What I did:

Again I drew a diagram. I let my y=-40m from where my origin is. First I calculated the sound coming back to the soccer player, as that information was given in more detail. So I know the formula X=(Vi)(t) .

So (343)(3.00) = 1024m. So I know my hypoteneuse and my opposite side which is -40. So if I apply the pith. theorm, I get:

1024^2 - (-40)^2 = 1023.2184 m

So now I know my displacement.

At this point I want the total time from the kick to when it falls into the water so that I can calculate the initial velocity. I assume that I can use this formula:

xf = vyi t -1/2 gt^2

I assume that vyi is 0 because the soccer player kicks it straight and than it goes down (don't know if this is a valid assumption). Also, I subtract t-3 since we want to see when the rock hits the water, not includng the sound back to the the soccer player.

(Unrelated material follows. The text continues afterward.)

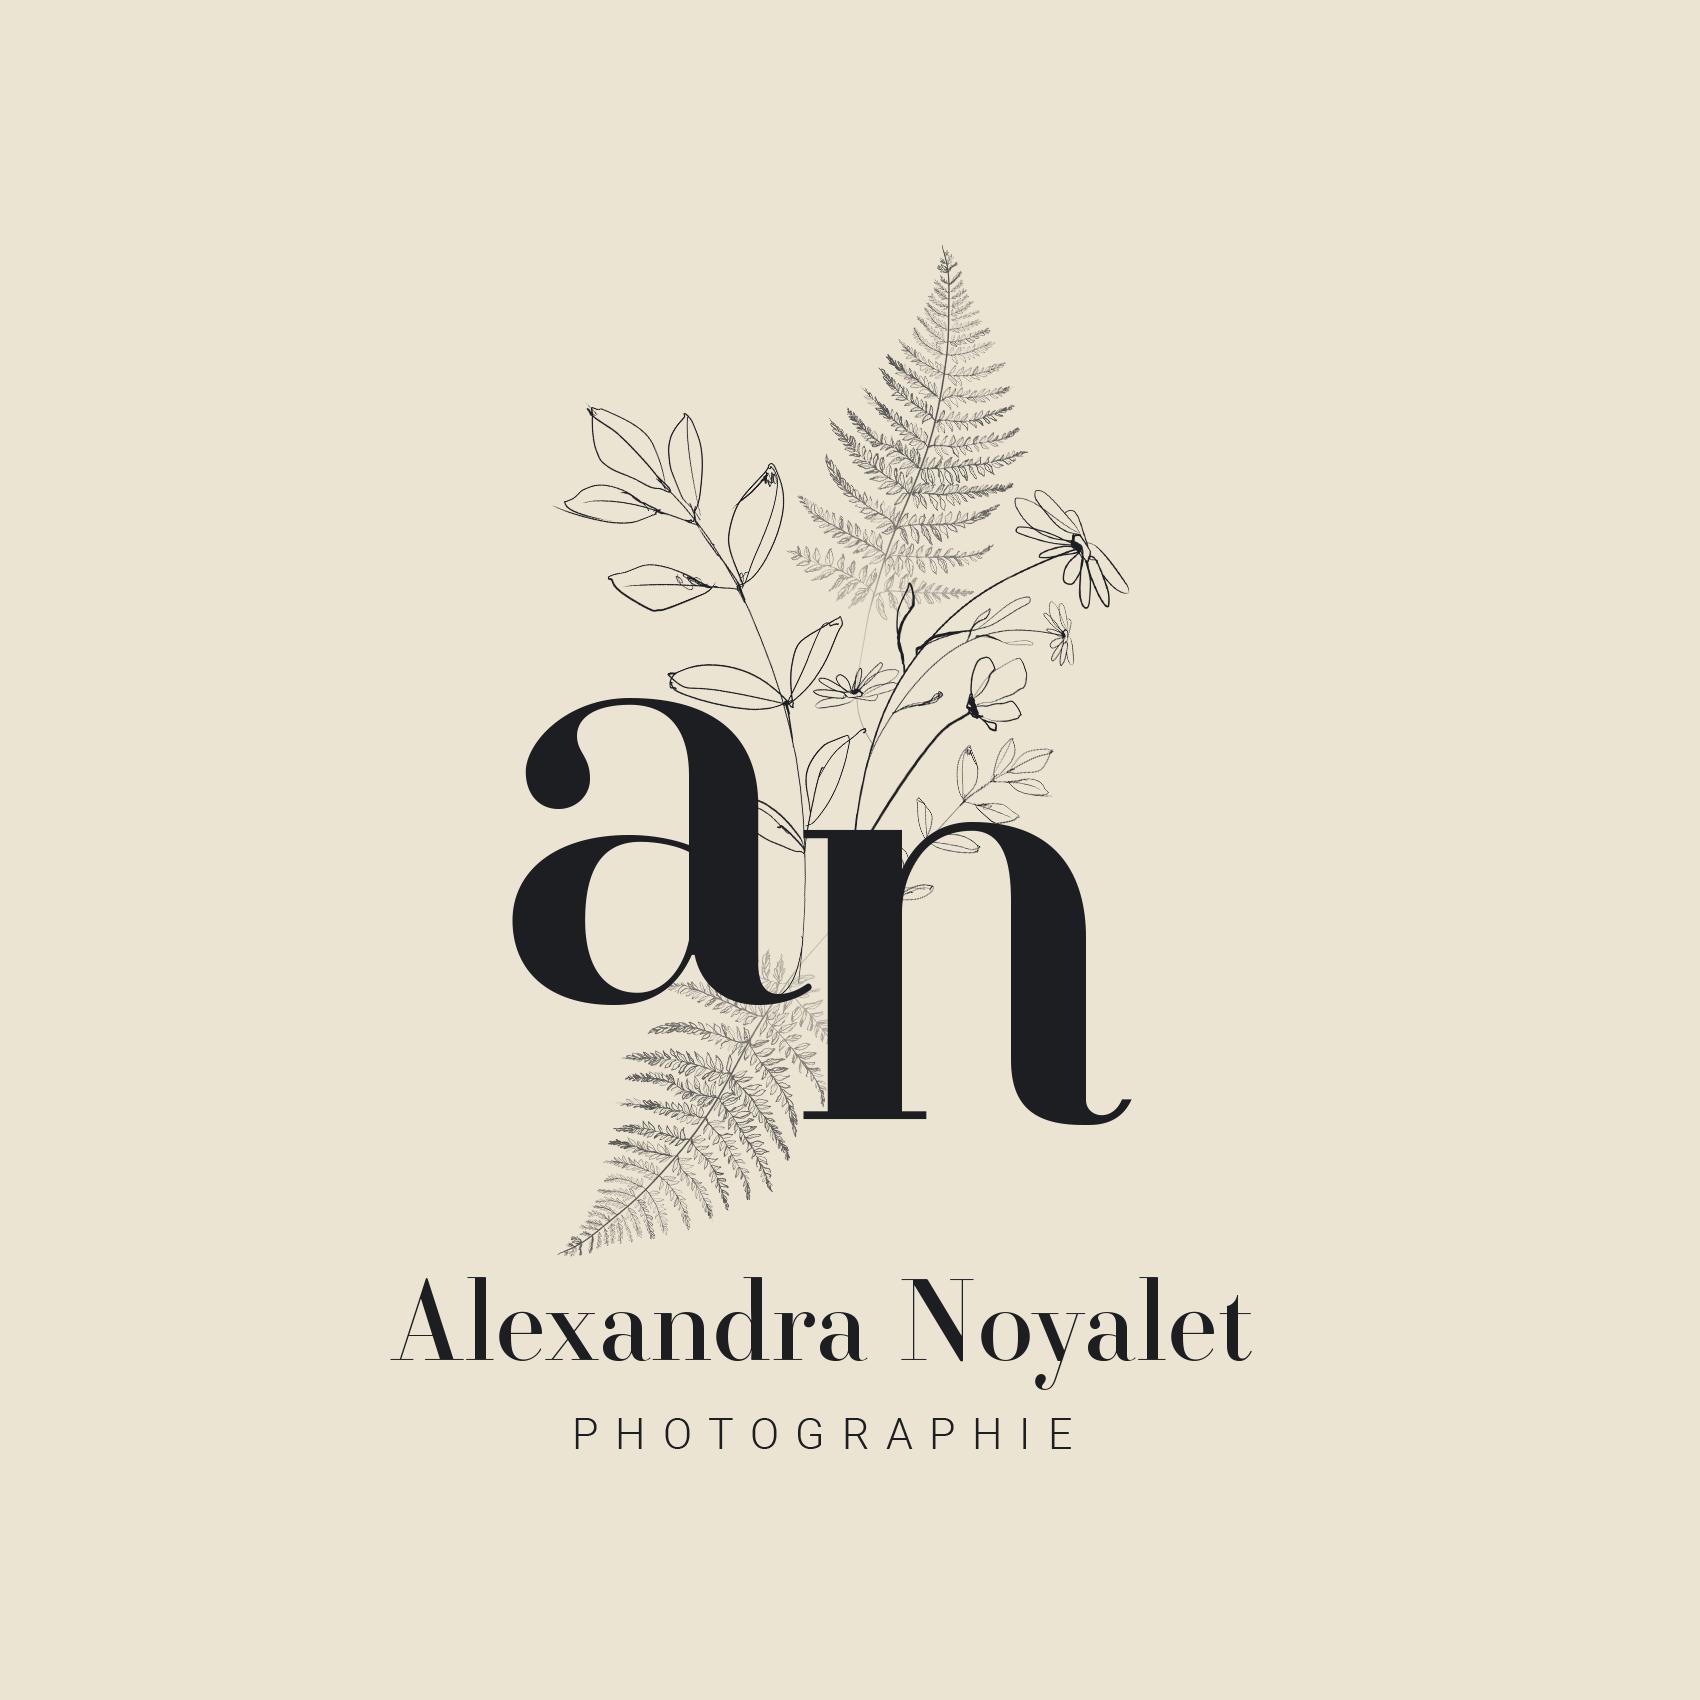 Alexandra Noyalet

-40 = 0 - 1/2 (9.8)(t-3)^2

-40 = -4.9 (t^2-6t+9)

-40 = -4.9t^2 = 29.4t -44.1

= 4.9t^2 - 29.4t = 4.1

since I have a quadratic equation, I use a quadratic formula which gives me a time of 5.8 seconds. which is essentially time of flight. So when when I find the intial velocity, i plug it into this equation:

x = (v)(t)

1024 = (v) (5.8)

= 176 m/s

( I don't know, but I really doubt this answer for some reason, so if someone can correct it for me, it would be much appreciated!)